*PROBLEM TO WORK ON*:
Read through the data and count the lines that contain the string "Images"; give only the result.

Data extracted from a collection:

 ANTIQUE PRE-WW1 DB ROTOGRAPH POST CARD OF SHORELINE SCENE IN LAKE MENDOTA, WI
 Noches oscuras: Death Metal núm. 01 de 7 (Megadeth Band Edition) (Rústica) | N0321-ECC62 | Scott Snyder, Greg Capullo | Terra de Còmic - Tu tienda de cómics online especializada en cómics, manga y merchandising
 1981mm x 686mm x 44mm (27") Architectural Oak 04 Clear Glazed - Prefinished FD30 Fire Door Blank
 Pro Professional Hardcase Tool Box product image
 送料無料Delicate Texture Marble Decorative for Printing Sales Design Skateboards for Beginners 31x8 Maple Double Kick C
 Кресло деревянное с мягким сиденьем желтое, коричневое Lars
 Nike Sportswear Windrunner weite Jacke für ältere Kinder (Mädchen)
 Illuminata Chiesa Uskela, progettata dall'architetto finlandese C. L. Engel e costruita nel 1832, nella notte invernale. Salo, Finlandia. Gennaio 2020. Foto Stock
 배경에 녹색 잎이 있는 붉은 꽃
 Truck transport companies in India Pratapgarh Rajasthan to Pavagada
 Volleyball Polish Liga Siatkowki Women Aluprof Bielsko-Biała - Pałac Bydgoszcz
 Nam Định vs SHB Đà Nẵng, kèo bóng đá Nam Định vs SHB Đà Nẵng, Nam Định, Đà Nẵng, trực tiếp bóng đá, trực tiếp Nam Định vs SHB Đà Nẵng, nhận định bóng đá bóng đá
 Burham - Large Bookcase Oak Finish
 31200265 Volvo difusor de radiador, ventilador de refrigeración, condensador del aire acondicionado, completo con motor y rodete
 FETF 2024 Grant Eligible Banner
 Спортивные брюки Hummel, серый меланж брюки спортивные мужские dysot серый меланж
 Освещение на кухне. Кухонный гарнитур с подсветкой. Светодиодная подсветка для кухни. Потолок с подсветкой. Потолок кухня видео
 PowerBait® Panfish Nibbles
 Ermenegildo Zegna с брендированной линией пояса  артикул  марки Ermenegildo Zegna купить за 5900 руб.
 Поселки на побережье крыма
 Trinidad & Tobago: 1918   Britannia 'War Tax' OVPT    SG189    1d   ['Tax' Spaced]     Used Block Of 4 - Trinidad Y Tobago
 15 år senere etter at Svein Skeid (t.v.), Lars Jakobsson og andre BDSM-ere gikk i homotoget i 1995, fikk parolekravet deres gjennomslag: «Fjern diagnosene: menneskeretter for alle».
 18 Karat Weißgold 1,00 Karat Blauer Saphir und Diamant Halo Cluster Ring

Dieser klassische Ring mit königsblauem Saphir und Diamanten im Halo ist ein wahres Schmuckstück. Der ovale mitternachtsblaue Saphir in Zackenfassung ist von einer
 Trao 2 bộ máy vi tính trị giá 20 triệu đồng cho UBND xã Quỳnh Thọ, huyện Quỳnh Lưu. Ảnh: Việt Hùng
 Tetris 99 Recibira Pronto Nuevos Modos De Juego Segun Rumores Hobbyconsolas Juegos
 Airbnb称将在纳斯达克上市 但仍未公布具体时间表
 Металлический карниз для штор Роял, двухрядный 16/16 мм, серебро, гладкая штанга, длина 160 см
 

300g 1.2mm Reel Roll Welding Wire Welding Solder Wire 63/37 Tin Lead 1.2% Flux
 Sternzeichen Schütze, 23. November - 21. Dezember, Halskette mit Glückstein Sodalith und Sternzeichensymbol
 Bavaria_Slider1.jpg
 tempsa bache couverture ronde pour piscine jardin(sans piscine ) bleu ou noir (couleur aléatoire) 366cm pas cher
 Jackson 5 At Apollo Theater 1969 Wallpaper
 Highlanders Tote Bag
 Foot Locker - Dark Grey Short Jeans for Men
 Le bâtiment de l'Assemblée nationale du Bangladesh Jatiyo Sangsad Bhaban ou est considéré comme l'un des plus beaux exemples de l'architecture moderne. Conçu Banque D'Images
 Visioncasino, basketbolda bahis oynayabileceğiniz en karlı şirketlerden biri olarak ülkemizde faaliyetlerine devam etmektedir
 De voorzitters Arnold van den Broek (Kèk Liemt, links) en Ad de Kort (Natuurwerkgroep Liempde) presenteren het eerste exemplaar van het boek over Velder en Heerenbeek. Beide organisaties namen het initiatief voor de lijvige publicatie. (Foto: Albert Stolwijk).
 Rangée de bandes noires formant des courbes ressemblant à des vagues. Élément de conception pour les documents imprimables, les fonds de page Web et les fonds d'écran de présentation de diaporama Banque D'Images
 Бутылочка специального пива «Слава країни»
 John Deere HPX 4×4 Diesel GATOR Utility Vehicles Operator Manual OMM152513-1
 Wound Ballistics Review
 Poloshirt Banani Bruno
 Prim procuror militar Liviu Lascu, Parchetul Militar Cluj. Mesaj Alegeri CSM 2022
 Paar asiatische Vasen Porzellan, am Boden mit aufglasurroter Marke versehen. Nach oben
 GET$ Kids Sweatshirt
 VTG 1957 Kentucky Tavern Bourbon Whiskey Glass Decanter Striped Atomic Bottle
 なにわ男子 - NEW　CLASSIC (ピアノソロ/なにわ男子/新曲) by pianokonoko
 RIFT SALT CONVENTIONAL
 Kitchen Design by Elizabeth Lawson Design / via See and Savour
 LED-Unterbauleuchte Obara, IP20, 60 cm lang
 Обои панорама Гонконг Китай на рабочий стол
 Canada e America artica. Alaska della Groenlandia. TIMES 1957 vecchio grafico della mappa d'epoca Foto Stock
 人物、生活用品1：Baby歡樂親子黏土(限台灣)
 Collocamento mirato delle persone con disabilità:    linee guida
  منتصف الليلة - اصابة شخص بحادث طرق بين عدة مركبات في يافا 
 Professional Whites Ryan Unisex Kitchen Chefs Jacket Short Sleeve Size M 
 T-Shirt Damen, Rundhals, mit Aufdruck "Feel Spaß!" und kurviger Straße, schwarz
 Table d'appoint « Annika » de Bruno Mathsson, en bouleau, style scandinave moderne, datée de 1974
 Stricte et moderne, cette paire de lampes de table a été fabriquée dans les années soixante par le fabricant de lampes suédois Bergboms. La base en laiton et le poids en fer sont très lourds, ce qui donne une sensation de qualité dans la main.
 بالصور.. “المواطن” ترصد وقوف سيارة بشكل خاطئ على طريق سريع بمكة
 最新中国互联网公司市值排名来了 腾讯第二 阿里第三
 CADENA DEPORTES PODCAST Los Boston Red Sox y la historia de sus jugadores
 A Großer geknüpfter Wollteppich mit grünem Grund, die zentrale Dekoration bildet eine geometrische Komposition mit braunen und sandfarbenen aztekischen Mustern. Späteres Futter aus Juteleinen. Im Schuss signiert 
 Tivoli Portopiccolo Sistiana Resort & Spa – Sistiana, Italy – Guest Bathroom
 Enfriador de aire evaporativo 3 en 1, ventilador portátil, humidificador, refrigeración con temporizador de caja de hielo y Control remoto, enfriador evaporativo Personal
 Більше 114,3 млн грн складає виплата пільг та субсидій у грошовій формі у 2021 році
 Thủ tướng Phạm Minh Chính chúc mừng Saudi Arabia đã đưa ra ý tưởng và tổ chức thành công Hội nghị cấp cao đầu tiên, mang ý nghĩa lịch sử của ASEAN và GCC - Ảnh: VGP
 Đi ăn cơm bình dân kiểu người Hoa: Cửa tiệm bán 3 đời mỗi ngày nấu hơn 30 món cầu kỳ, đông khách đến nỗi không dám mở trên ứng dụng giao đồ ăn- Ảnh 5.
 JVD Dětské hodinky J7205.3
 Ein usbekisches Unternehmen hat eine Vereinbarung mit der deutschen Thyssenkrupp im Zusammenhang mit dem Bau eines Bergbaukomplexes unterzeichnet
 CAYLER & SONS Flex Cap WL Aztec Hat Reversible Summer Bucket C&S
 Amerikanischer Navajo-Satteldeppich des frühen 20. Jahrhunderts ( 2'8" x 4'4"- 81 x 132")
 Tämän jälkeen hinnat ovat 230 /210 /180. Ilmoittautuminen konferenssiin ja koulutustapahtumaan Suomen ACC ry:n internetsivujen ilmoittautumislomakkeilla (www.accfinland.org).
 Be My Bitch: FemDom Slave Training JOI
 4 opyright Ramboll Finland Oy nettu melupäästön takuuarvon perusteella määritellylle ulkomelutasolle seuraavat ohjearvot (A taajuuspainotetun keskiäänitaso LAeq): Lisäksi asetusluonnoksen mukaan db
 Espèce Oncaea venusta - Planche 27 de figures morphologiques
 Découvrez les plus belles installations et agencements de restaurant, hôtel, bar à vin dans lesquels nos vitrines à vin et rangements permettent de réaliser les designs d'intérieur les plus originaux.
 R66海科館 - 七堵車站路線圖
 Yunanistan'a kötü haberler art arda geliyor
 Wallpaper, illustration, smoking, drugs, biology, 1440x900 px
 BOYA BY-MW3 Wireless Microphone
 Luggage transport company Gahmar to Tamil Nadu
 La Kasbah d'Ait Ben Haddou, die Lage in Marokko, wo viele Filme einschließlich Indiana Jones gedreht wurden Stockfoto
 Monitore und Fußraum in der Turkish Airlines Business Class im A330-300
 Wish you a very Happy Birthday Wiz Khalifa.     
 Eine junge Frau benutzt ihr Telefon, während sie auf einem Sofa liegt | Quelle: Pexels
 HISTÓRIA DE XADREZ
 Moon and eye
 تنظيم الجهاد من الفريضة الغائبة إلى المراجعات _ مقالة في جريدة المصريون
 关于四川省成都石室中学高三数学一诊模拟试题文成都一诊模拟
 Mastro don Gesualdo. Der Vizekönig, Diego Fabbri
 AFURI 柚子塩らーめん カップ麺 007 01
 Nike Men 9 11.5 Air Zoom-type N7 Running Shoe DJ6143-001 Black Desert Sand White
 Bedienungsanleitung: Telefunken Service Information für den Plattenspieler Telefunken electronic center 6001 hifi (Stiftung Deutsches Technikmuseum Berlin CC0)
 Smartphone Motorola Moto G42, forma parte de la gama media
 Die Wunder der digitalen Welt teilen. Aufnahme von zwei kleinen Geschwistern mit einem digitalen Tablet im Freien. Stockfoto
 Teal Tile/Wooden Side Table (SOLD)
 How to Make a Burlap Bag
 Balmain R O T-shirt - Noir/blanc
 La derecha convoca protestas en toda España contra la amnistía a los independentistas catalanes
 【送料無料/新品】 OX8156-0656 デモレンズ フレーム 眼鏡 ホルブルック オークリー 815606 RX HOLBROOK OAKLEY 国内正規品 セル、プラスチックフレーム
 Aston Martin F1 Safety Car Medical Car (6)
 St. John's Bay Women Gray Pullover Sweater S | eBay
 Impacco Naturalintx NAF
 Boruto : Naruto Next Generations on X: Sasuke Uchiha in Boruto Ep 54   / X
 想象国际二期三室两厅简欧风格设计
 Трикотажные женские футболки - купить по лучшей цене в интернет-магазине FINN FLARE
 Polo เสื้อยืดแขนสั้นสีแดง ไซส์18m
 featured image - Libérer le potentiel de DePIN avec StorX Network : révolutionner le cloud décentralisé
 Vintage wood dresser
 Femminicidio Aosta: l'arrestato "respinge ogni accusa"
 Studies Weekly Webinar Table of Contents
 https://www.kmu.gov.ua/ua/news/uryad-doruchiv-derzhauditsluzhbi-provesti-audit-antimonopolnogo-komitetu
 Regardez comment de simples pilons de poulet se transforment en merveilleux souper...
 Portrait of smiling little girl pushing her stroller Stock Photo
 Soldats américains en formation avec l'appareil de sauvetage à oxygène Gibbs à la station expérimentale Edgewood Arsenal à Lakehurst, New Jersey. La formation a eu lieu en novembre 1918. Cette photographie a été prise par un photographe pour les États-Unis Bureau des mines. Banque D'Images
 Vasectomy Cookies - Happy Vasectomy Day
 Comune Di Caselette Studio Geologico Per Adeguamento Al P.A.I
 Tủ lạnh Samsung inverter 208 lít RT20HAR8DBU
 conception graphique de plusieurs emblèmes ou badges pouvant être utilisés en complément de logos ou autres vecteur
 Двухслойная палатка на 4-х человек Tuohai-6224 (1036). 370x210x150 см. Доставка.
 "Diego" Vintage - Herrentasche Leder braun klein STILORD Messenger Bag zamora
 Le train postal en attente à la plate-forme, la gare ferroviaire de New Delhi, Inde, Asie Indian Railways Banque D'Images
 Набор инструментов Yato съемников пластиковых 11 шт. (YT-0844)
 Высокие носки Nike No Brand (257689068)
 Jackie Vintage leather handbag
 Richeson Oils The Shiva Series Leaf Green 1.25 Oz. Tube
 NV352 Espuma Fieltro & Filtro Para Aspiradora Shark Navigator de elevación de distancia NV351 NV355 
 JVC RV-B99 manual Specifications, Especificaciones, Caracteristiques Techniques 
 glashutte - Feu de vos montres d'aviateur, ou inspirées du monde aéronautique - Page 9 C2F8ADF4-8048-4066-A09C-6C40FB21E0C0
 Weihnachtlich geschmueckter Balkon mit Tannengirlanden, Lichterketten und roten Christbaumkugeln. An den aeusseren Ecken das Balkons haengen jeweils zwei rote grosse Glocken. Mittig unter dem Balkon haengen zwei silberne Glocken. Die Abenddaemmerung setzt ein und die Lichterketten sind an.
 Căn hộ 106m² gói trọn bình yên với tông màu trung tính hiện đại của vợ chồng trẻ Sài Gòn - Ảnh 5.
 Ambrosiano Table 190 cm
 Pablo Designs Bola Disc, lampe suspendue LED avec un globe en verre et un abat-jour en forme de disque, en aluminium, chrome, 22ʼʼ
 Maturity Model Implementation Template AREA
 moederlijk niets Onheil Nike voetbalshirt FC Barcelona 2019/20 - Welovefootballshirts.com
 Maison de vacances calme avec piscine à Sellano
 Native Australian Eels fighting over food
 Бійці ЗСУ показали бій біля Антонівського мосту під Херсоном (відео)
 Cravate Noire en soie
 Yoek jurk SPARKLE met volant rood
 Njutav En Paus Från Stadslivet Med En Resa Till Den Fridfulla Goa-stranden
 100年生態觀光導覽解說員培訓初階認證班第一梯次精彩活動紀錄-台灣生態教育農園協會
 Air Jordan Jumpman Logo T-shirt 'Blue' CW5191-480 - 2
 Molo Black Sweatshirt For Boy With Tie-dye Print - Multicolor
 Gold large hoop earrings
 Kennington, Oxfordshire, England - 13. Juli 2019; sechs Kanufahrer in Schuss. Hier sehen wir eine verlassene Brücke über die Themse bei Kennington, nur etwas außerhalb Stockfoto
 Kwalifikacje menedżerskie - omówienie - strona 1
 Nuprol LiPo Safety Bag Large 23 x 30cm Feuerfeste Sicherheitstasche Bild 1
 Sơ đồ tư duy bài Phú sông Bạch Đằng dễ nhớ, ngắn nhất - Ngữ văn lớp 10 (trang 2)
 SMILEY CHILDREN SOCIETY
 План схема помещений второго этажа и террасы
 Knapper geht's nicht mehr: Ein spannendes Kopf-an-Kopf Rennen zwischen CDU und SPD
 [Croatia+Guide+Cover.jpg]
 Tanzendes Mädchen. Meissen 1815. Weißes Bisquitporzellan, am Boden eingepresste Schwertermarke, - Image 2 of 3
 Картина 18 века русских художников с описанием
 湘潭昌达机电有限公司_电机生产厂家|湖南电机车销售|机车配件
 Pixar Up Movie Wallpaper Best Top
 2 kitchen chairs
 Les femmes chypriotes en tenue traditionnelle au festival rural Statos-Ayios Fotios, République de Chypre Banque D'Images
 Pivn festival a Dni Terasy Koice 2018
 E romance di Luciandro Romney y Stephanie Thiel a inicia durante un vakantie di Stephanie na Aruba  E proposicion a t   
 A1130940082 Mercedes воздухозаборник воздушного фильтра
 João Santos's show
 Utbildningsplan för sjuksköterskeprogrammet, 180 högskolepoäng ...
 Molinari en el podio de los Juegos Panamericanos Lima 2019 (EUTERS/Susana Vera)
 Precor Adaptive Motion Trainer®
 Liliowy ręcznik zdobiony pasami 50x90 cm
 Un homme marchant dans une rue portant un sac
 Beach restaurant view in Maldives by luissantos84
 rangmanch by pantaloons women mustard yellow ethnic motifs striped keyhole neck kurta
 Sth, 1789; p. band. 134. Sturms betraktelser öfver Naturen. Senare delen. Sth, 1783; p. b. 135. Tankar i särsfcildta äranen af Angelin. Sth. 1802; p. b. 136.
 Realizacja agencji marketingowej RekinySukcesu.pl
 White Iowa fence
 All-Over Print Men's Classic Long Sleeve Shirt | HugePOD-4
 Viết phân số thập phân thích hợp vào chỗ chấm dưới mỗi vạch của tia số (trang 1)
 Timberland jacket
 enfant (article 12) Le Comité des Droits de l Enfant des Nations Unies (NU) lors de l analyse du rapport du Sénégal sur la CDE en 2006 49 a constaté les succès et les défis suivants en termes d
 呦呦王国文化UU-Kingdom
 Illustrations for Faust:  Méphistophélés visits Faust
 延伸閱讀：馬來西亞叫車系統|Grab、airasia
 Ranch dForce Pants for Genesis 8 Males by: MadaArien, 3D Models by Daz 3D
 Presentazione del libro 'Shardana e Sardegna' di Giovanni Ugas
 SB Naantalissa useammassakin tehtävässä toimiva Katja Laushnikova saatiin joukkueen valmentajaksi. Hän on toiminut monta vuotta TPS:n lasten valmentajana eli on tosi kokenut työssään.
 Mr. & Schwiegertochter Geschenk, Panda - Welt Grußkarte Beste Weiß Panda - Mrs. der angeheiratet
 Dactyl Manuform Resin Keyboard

*FINAL ANSWER*:
5